100% right, we collapse this many times. Why do we need to do that, keep collapsing the big pyramid? Because we want to scale. We want to leverage data science and (indiscernible) impact a lot of peoples' lives. For example, the first year when I joined LinkedIn, the first year I worked (indiscernible) Reid Hoffman (indiscernible), all those great people. (Indiscernible) to 500 different type of products, including building models, building reports, answering questions, creating also the first LinkedIn map based on social graph models. 500 of them working day and night.

However, I support 200 people directly at the moment. You can see if you use 500 (indiscernible) 200, we only answered two questions on average per employee per year. That's not data driven. We decided we'd go to this model. We want to encourage every single employee in LinkedIn to use data to help them make better decisions. That's the change, why we transformed the pyramid into a diamond.

We shrink the bottom tier, we move our resources or time spend on the top of the pyramid. The higher we go, the better and large value we provide. The first one I want to share with you -- maybe I need to jump here -- this is very business driven. Think about LinkedIn, it has two most valuable data assets. Number one is members' profile, almost like a resume. Number two is our social graph, social network. How can we use these two data sources to make money? I'll give one example. By the way, LinkedIn makes 80% of their revenue from enterprises and services, like the B2B sales.

Sales people ask a simple question. In LinkedIn database we have five million companies. Which company should I sell this to, how much money (indiscernible) pay LinkedIn every year? LinkedIn is a sales model, annualized subscription. You pay every year to renew. Which company, how much will they buy?

Number two, who will make the decision of buying this service? Number three, how can we reach out? If a lot of people randomly call people, it doesn't make sense. No one would pick up the phone. Number four, which sales person should call this decision maker? Number five, what story should LinkedIn tell this decision maker to buy their service?

Before, to answer these five questions, typically took us two months to three months to answer all these questions. Today, we have transformed this all into a button. We use all the LinkedIn data to find out how many (indiscernible) they have. LinkedIn, their major business is recruiting, talent business. How much attrition do they have? How many recruiters do they have? How many decision makers do they have? All of this -- how many -- it's very basic, based on the LinkedIn members' profile.

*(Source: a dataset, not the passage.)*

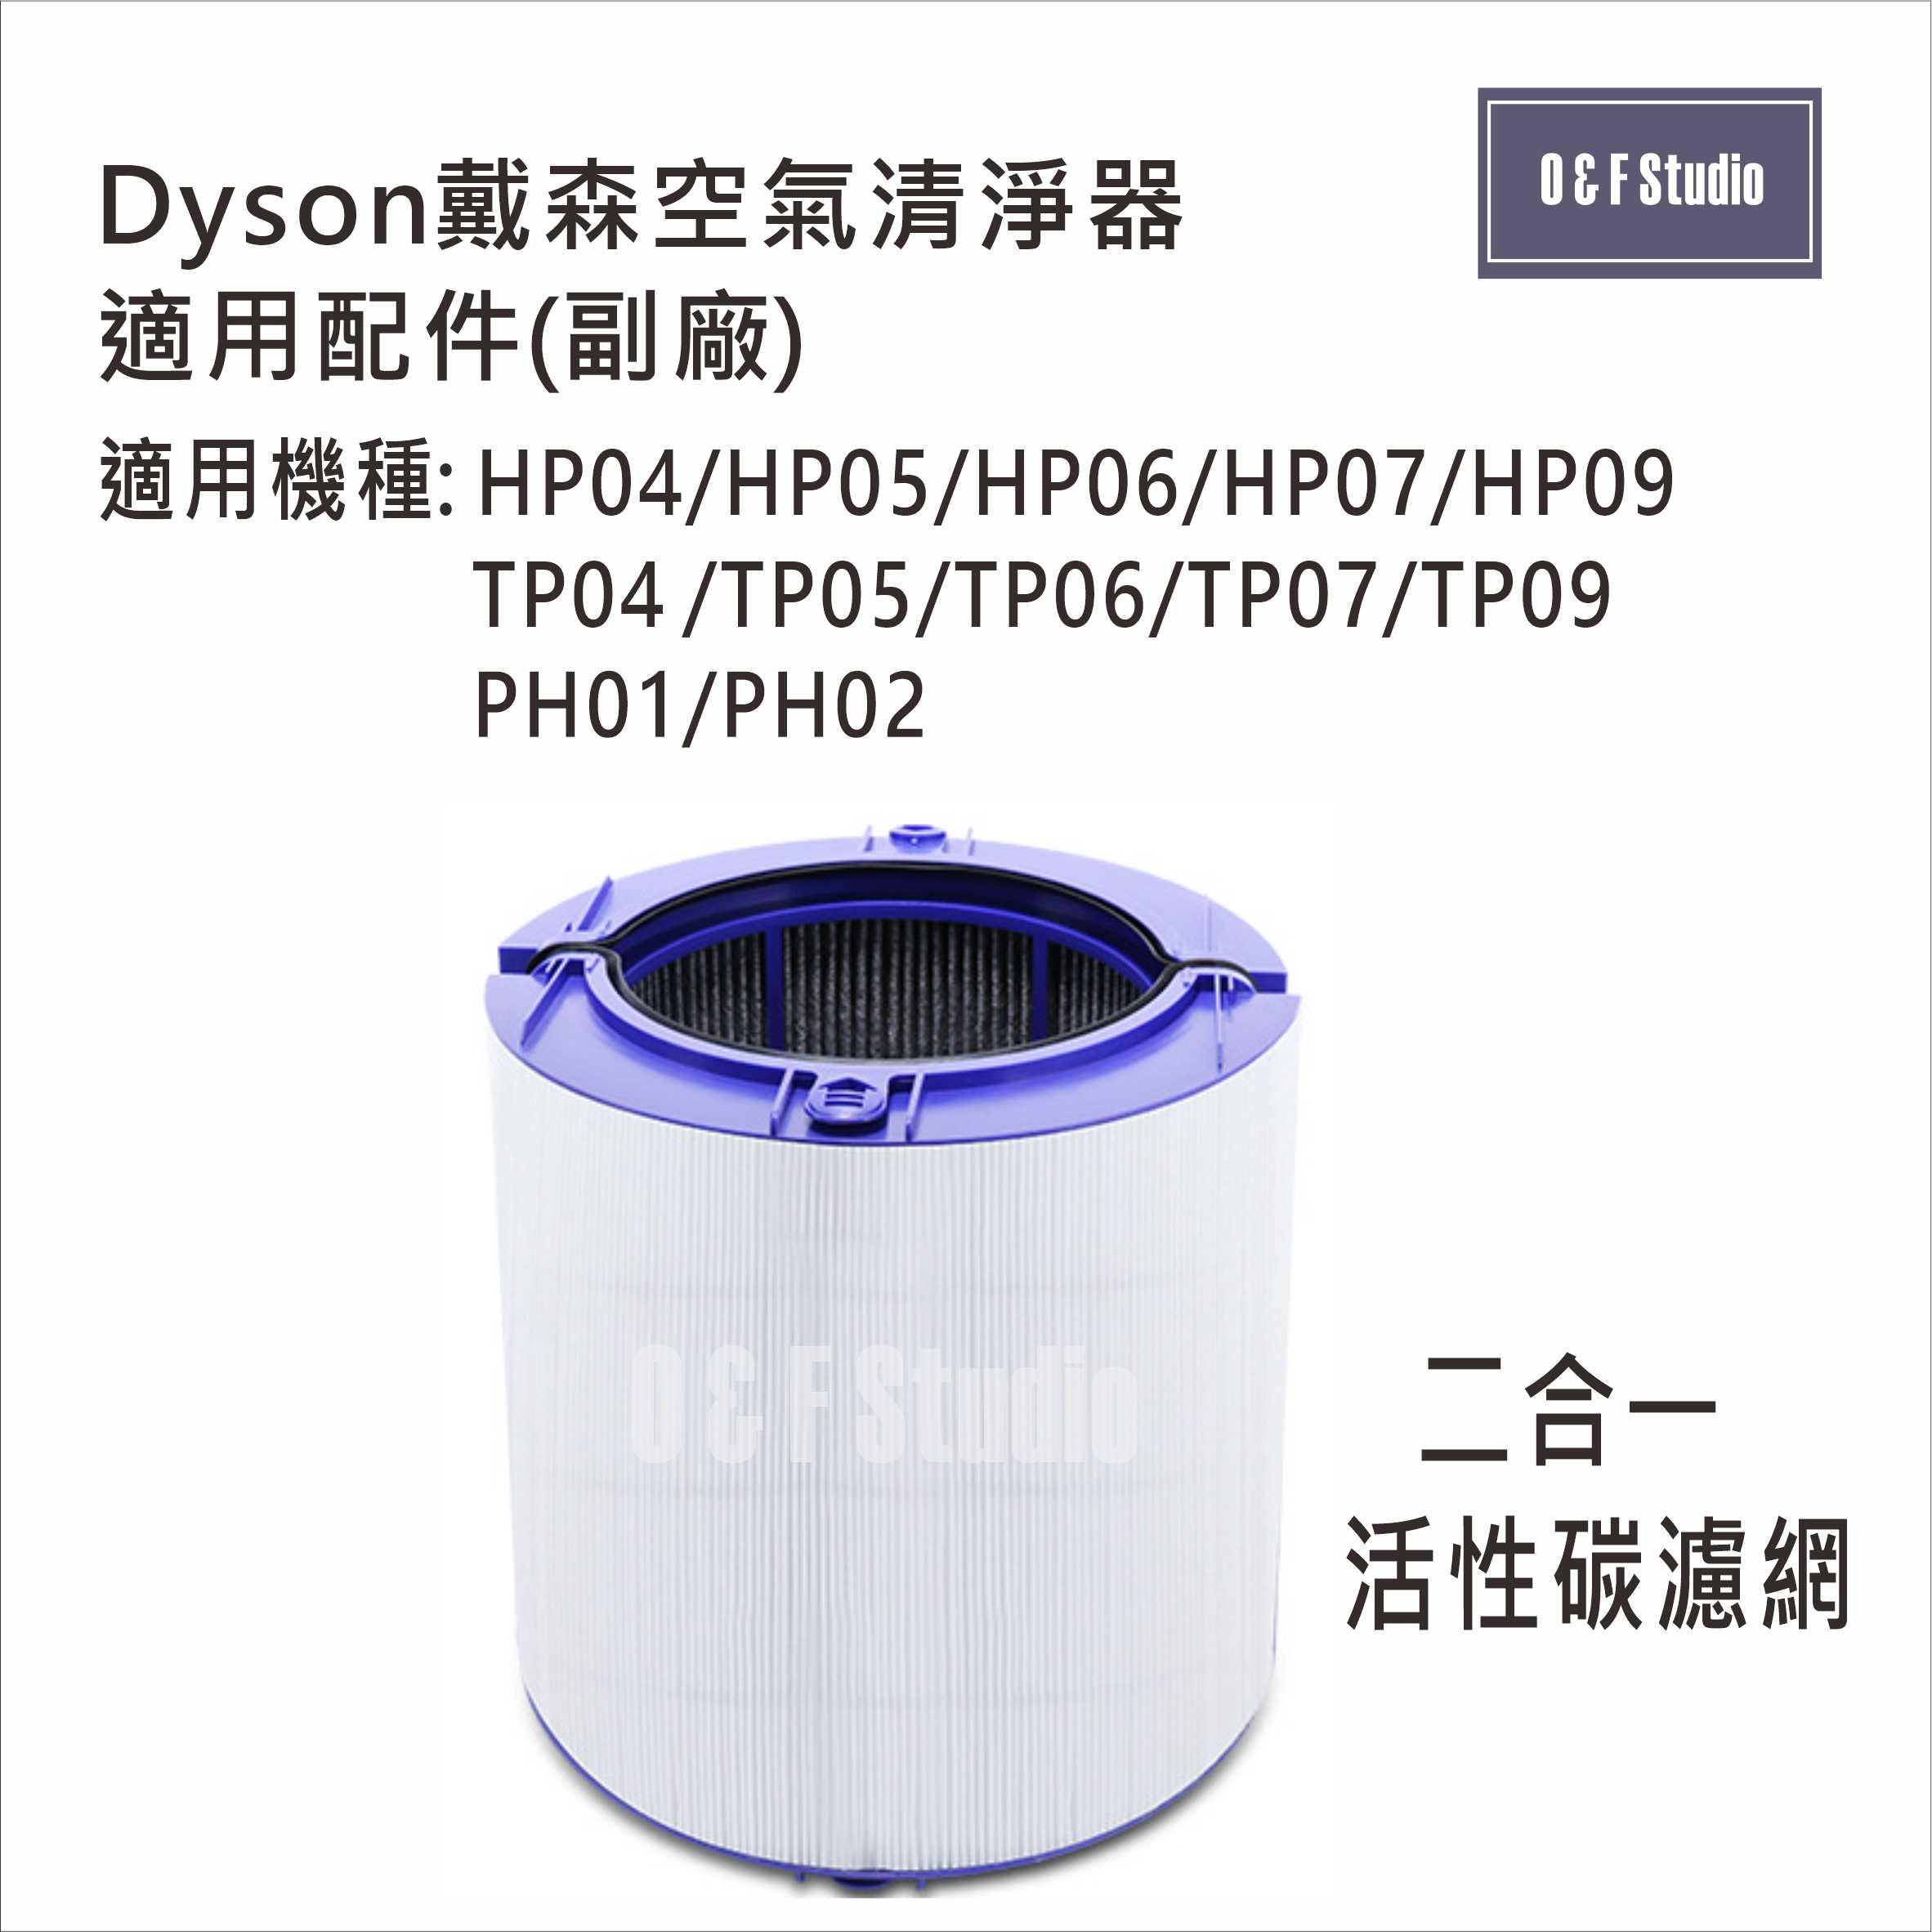 Dyson戴森空氣清淨器二合一濾網(副廠)HP/TP04,05,06,07,09,PH01,PH02活性炭濾網 台灣現貨

We use this to build a model to calculate the dollar value for each of the companies. Then we compute at a member level what's the likelihood this person, with the right title, right network, and right timing to buy a LinkedIn product. What we found, it's not always the VP of HR that will buy a LinkedIn product. We found that actually the recruiting managers, the head of sourcing who has no budgeting power on this, who uses LinkedIn quite a lot and will be very well connected on LinkedIn, they have the highest likelihood of buying. We found this secret. Then we started targeting those users, by providing our sales team a very brief list.

How do we reach out? Our internal sales team analyzes the social network, who has the most influence and connection to this person. I remember checking on the wikipage, Dr. Weigend built online. Dr. (indiscernible) over you guys, so how do you measure influence? That's we're doing on LinkedIn. We calculate the influence of our indirect connections toward this person we try to connect to do business with.

One more point, how about distance between people? Obama is extremely influential. When he says something, would I do it right now? How about my wife calling and saying you need to come home, I have something urgent. I would come home now. The distance between people.